ORONO – She was part of the Spanish trio last year, one of three freshmen that started the 2016-17 season opener for the University of Maine women’s basketball team.

Tres amigas.

“We were close,” Blanca Millán said.

But when five international players transferred after last season, Laia Sole and Naira Caceres were among them, leaving one Spaniard, Millán.

“It was really hard,” she said. “But I wanted them to be happy.”

She never considered leaving.

“I am really happy here,” Millán said. “It was a tough and hard season (last year), but I really love the people here. They treat me really, really well. Not only the coaching staff. My teammates are like my sisters.

“It feels like home. I’m growing as a person and as a player. I thought it was the best place to be, and I still think that.”

Millán is more than just a happy camper on the Maine roster. She is the Black Bears’ leader, a player her teammates will count on Saturday night, when Maine (23-9) plays No. 8 Texas (26-6) in Austin, in the first round of the NCAA Tournament.

“Blanca really emerged this year,” Maine Coach Amy Vachon said. “She’s been the catalyst for us, offensively and defensively.”

Offensively, the biggest hit Maine took after last year was not a transfer, but the graduation of MVP guard and leading scorer Sigi Koizar.

“She made everything easy for us,” Millán said. “Last year was my first. I didn’t know what I was supposed to do.

“Basically, it was playing defense and then, from the defense, try my best on offense. Then again, we had Sigi.”

Any offense Millán provided was a bonus. She was tall – 5-foot-11 last year and sprouted to 6-1 this season – and quick, with an instinct for the ball. She led the team with 61 steals last year, contributing 8.6 points, 2.9 rebounds and an average of 27 minutes per game.

This year, Millán leads Maine with 17.8 points a game, and 97 steals. She’s also grabbing 5.2 rebounds and playing 35 minutes a game.

Millán cannot account for her growth spurt – “I really don’t know. I didn’t notice until I came back (to school).” – But her scoring came from a conscious effort.

“I knew because we lost Sigi, I was going to step up,” she said. “Sigi was scoring almost 20 points a game. I knew I had to take my team with me. I started working early in the year.”

She took 255 shots last year (making 43.5 percent of them, including 44 3-pointers). This year, Millán is 227 of 505 (44.9 percent) with 69 3-pointers. Among her improvements is the ability to release her shot as soon as she has the ball.

“Every time I touch the ball in practice, Coach (Vachon) is saying, ‘Shoot,’” Millán said.

Vachon points out that “anyone can step up” and score in any game. But the one constant has been Millán, scoring in double figures in 31 straight games.

In the America East championship game last Friday, Hartford focused on Millán, holding her to 1-of-5 shooting and four points in the first half. In the second half, Maine worked on getting Millán open, and she focused on scoring.

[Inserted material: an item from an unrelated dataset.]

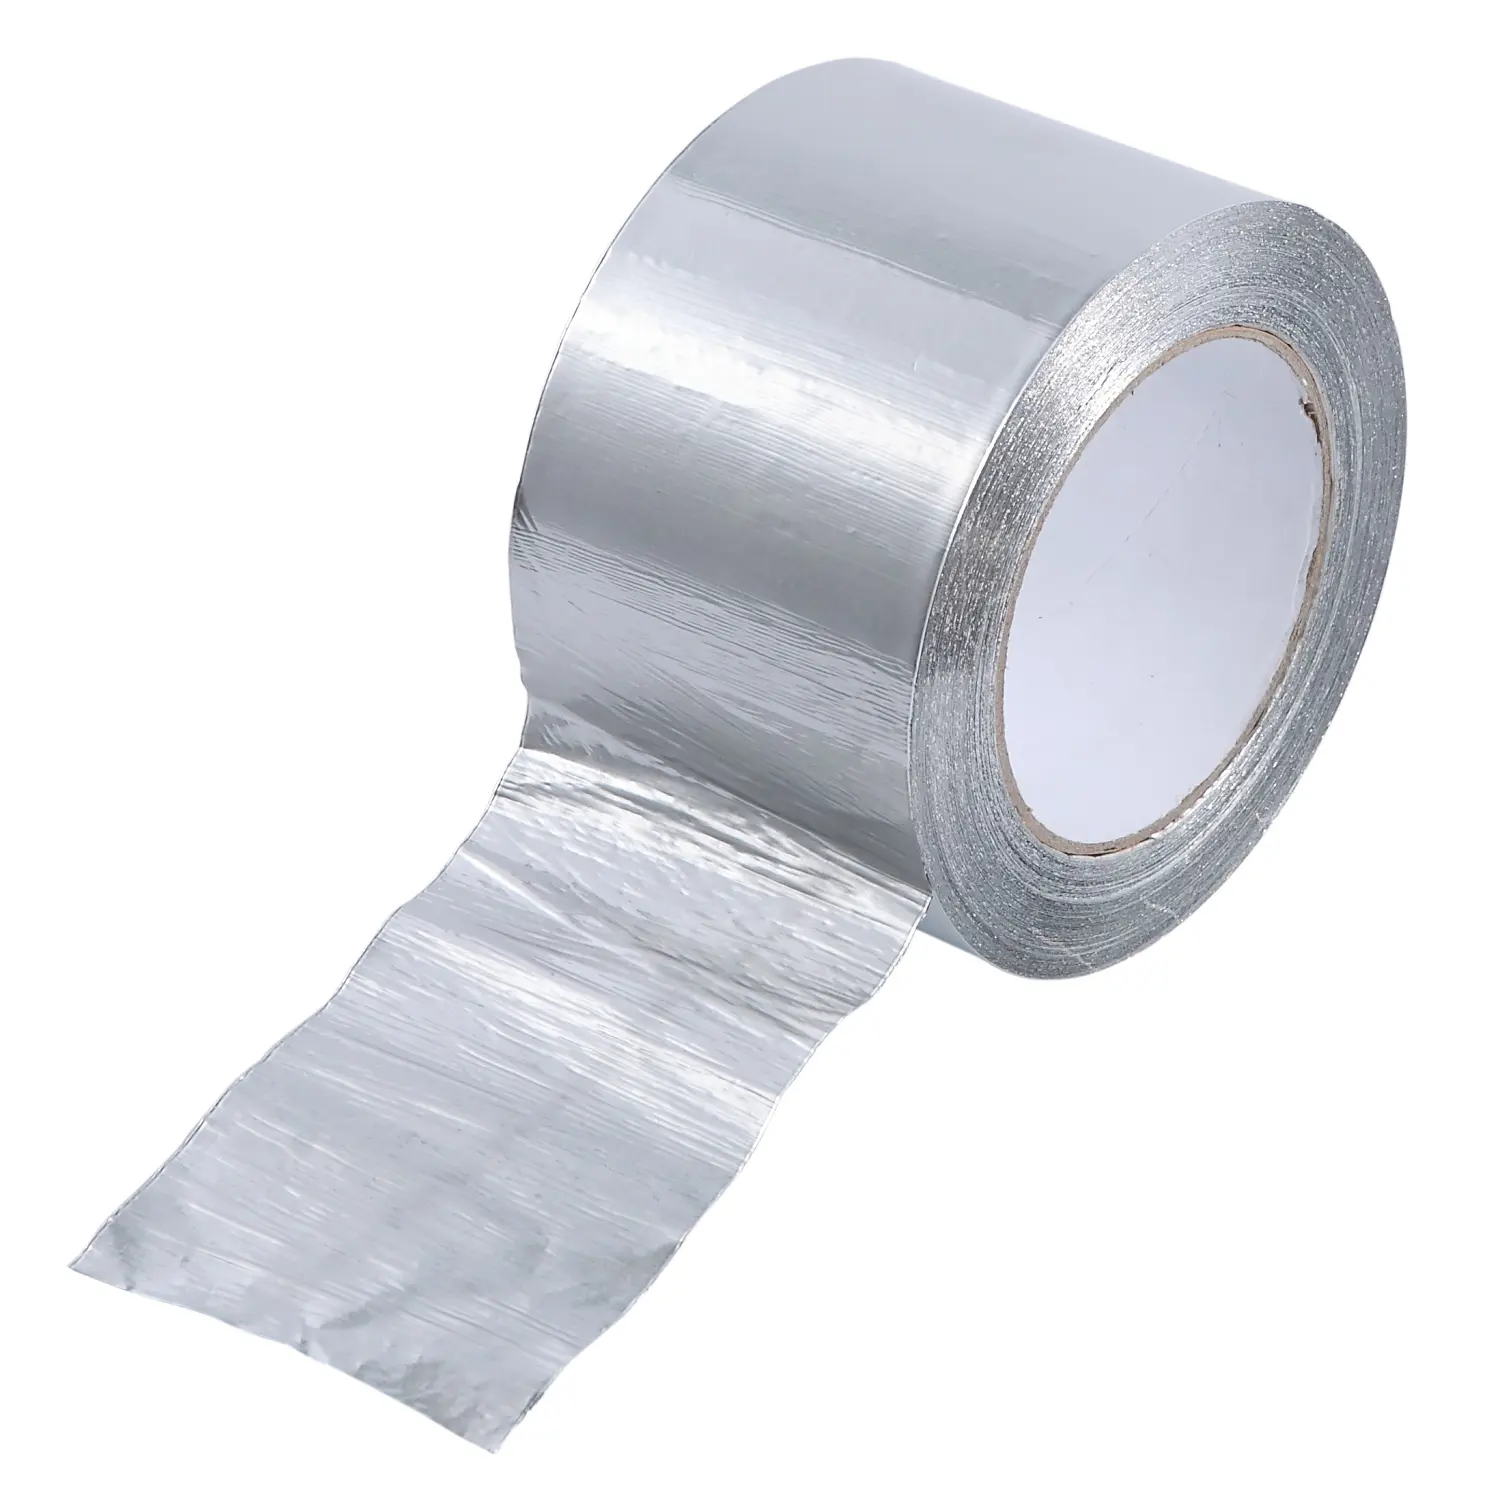 Fireproof Self Adhesive Aluminum Foil Insulation Ductwork Tape Manufacturer

“I was thinking ‘shoot the ball,’” she said.

She did, especially with some quick turnaround jumpers. She hit 7 of 11 shots (two 3-pointers) in the second half, and finished with a game-high 22 points, in Maine’s 74-65 victory.

It put Maine in the NCAAs, which Millán knows will get the attention of her homeland.

“They don’t follow college basketball much,” said Millán, who is from Santiago de Compostela in northwest Spain. “But they do follow March Madness. It’s a big deal.”